Queen Elizabeth II posed for a number of Canada's prominent photographers, the first being Yousuf Karsh, who made a formal portrait of Elizabeth when she was a 17-year-old princess and, later, took a series of official pictures of the princess, in formal and informal poses, just months before she acceded to the throne. Karsh was commissioned on two subsequent occasions to create series of pictures of the Queen and the Duke of Edinburgh, once prior to Elizabeth's 1967 tour of Canada for the centenary of Canada's confederation, when he photographed the royal couple at Buckingham Palace, and again in 1984, creating a set of portraits that included a shot of the Queen with her corgi, Shadow. Prior to her second tour of Canada as queen in 1959, Elizabeth requested that a Canadian photographer take her pre-tour pictures and Donald McKeague of Toronto was selected. Then, in 1973, Onnig Cavoukian, also from Toronto, made a photographic portrait that was dubbed "The Citizen Queen" because of the informal way in which Elizabeth was depicted. Rideau Hall photographer John Evans captured the sovereign on film in 1977, during her Silver Jubilee stay in Ottawa; Evans portrayed the Queen following her return from opening parliament. More recently, photographic portraits of Queen Elizabeth II were made in 2002, as part of her Golden Jubilee celebrations, and in 2005, when she marked the centenaries of Alberta and Saskatchewan.

Clothing and jewellery

In the role of the state personified, the monarch has worn clothing symbolic of the country and his or her distinct role in it. For instance, the gown worn by Queen Elizabeth II at both her coronation in London and the opening of the Canadian parliament in 1957 was decorated with the floral emblems of her realms, including maple leaves for Canada. During the same 1957 visit to Ottawa, the Queen also wore to a banquet held at Rideau Hall the Maple-Leaf-of-Canada dress; it was a pale green satin gown, edged with a garland consisting of deep green velvet maple leaves appliquéd with crystals and emeralds. Afterwards, the dress was donated to the Crown Collection and is now held at the Canadian Museum of History. Similarly, for a dinner held in July 2010 in Toronto, Elizabeth wore a white gown with silver maple leaves appliquéd on the right sleeve and shoulder. Occasionally, the Queen will wear clothing designed with Aboriginal motifs and/or materials made by some of Canada's First Nations peoples. For the opening of parliament in 1977, the Queen wore a gown with gold fringes that was suggestive of an aboriginal princess and, in 2010, wore in Nova Scotia a coat trimmed with beads made by women of the Mi'kmaq nation.

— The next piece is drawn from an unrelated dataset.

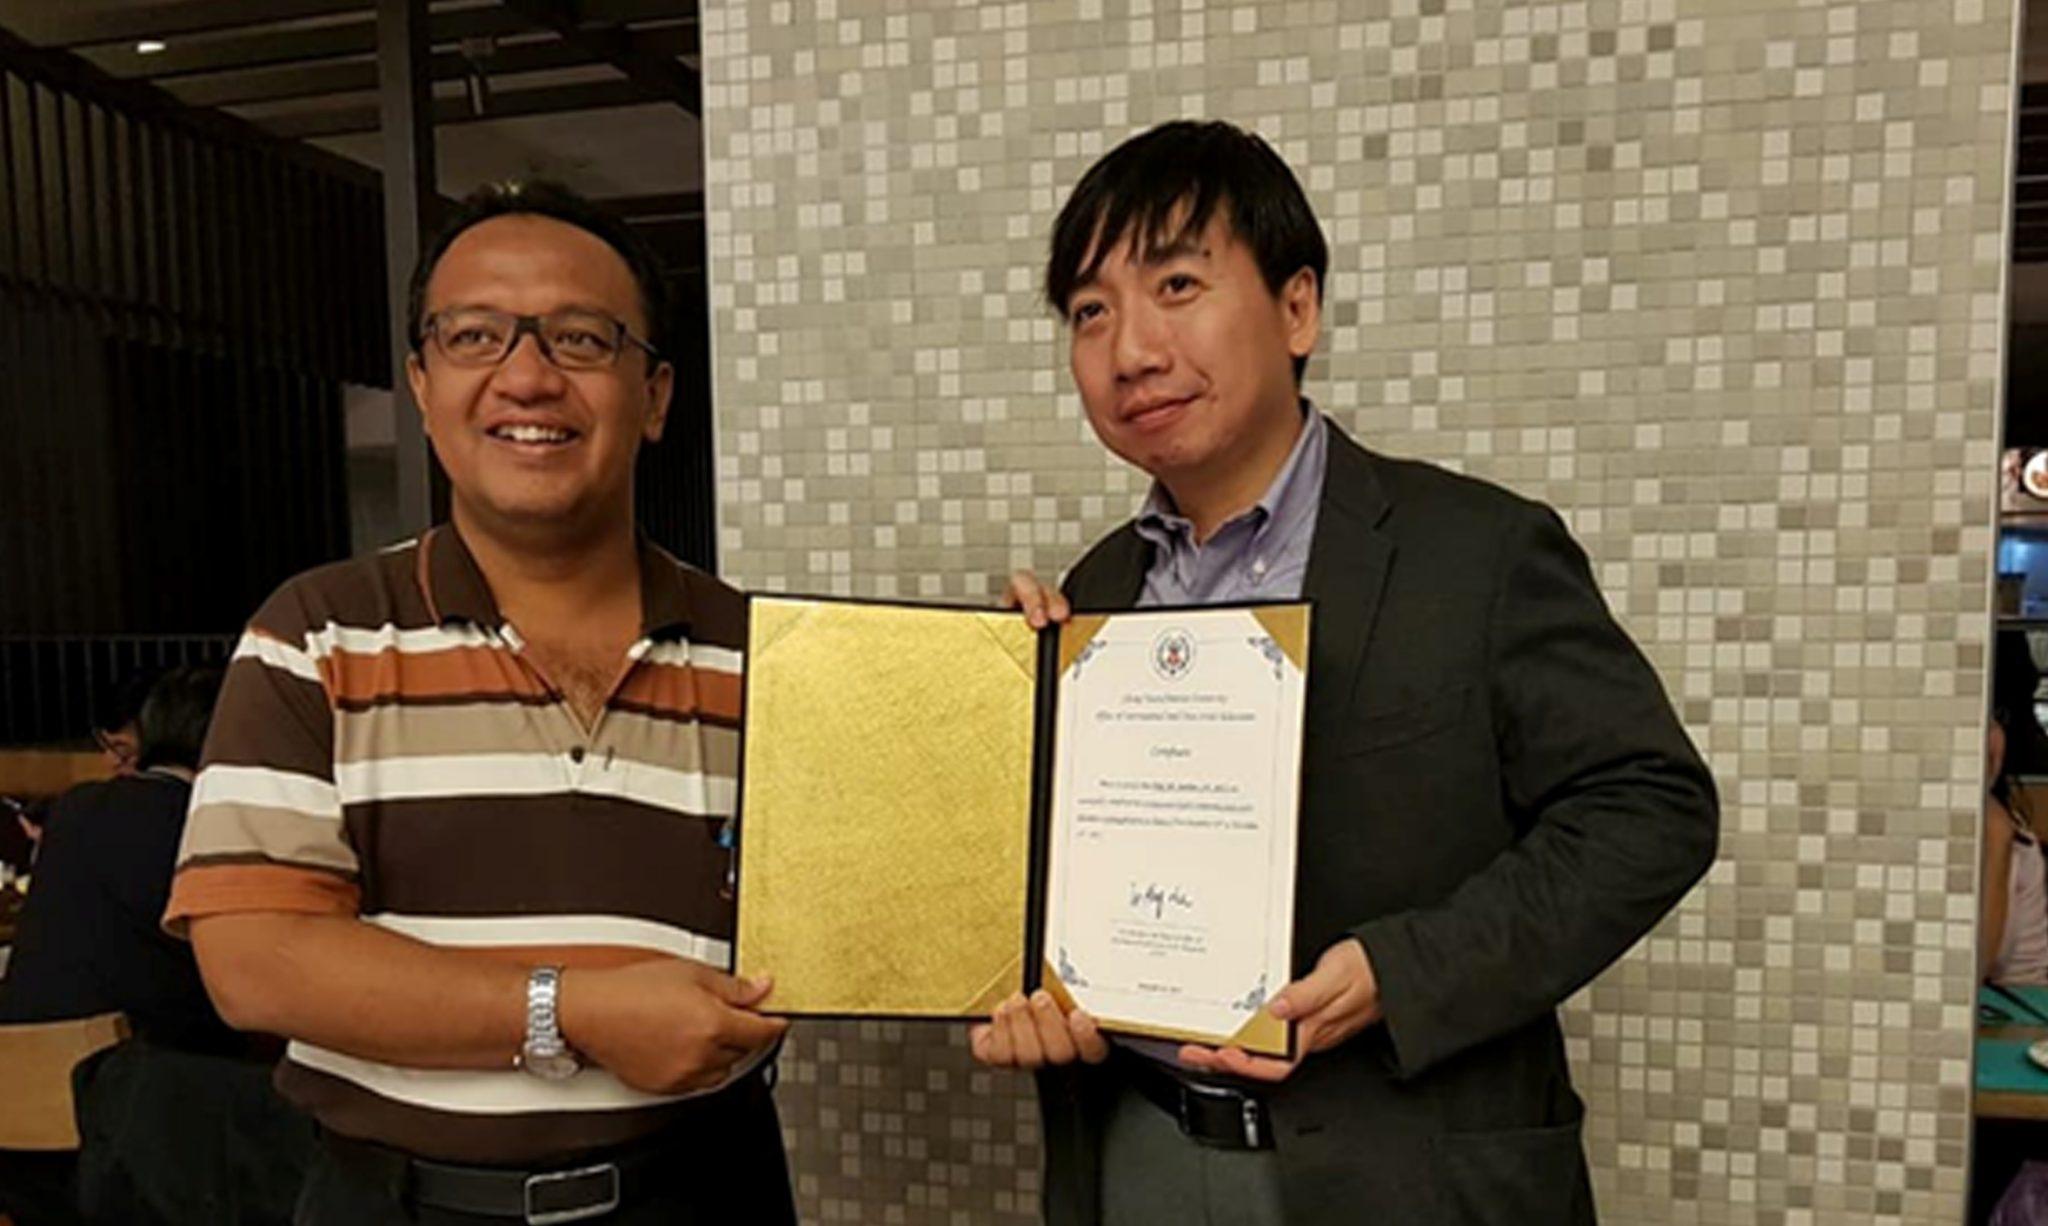 Kembangkan Ilmu Pengetahuan, Dosen FMIPA UNNES Lakukan Kunjungi Universitas Terbaik di Taiwan

The monarch also owns various jewellery pieces that are distinctively Canadian, such as two maple leaf brooches, one made from pink and yellow precious gems and the other from diamonds. The diamond maple leaf brooch was originally owned by Queen Elizabeth, the Queen Mother, and was first worn by the Queen on her 1951 tour of Canada, when she was still Princess Elizabeth. She has lent it to the Duchess of Cornwall (now the Queen Consort) and the Duchess of Cambridge (now the Princess of Wales) for their tours of Canada.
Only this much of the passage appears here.